Merck Questioned about Aggressive Vioxx Sales Tactics
May 9th, 2005 • Posted in: NewsWASHINGTON
The U.S. House of Representatives last week continued to hold hearings on whether drug maker Merck hid dangers when marketing its popular painkiller Vioxx, which was pulled from store shelves last year after being linked to an increased risk for heart attacks.
The House Government Reform Committee questioned the company’s aggressive pursuit of Vioxx sales despite internal concerns about the drug’s dangers.
Even after a Merck study found a fivefold increase in heart attacks and strokes for Vioxx patients compared to patients taking a competitor’s product, the company put a full-court press on physicians, instructing its sales force to use materials with less worrying figures and avoid discussions of the study, according to press reports.
More than 100 million Vioxx prescriptions pulled in $2 billion in annual sales, with the vast majority of prescriptions being written while Merck was downplaying safety concerns, reported the Los Angeles Times.
Last week, Dennis Erb, Merck’s vice president in charge of regulatory issues, defended the company’s tactics, saying its marketing materials complied with regulatory requirements.
“We believe Merck acted appropriately and responsibly to extensively study Vioxx after it was approved,” Erb told House committee members. “And we promptly disclosed the results of these studies to the FDA, physicians, the scientific community, and the media.”
Lawmakers said that while Merck indeed did disclose results to the FDA, it was less forthcoming with physicians pushed to prescribe the medicine — training sales reps to skirt discussions about Vioxx’s dangers, tucking away worrisome results in fine print, and aggregating study results to soften starker findings.

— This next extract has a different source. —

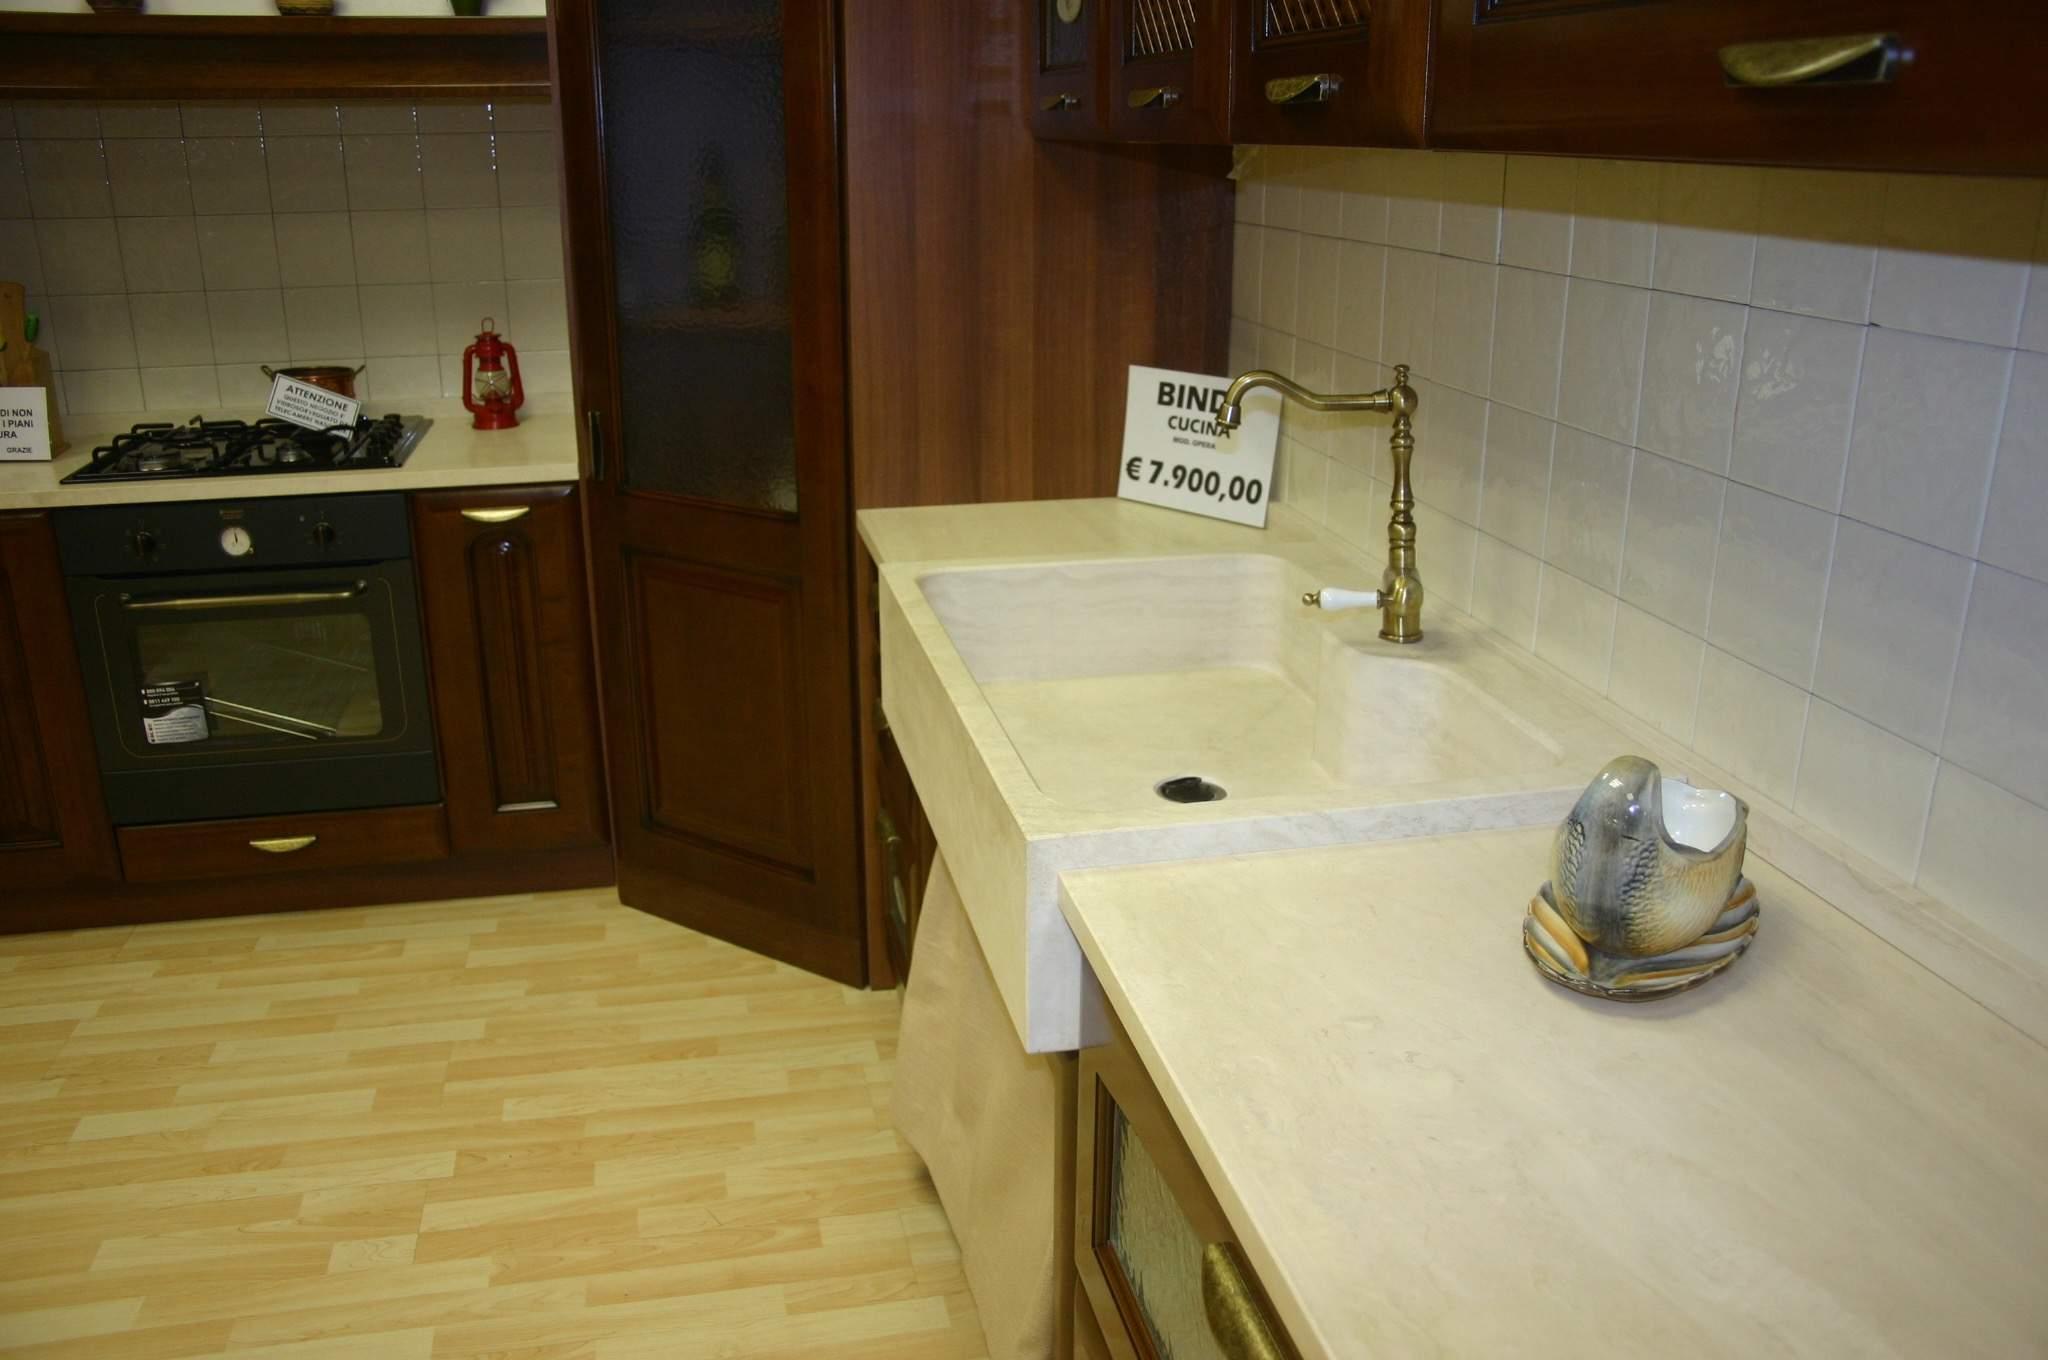 Cucina bindi opera piacentini arredamenti for Ravelli arredamenti opera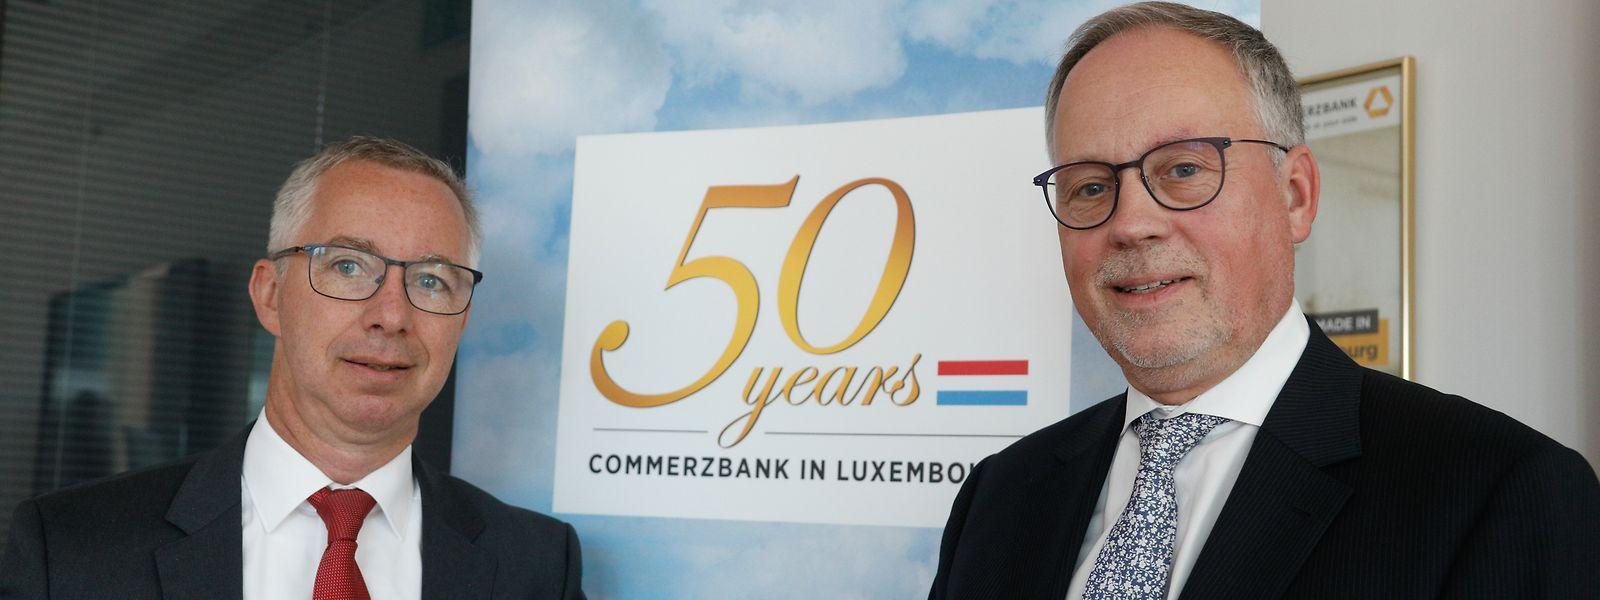 Martin Keller, Country CEO Belgien und Luxemburg, und Klaus Diederich, Chef der Commerzbank-Filiale Luxemburg (v.l.).

“The real question we want to know is, can we trust you?” said Rep. Mark Souder (R-Ind.), according to the New York Times.
“Merck’s sales representatives were trained to sell as if lives depended on it,” added Rep. Henry Waxman (D-Calif.). “Ultimately, their message may have cost lives.”
Merck, which voluntarily pulled Vioxx from the market last year, is considering returning the product to store shelves. Before it does so, it is trying to determine what label warnings will be required, noted the Times.
In other news, Merck chief executive Raymond Gilmartin last week stepped down ten months ahead of schedule. The company’s head of manufacturing, Richard Clark, will assume the reins following a six-month search that failed to find a better candidate from outside the company, noted the Times.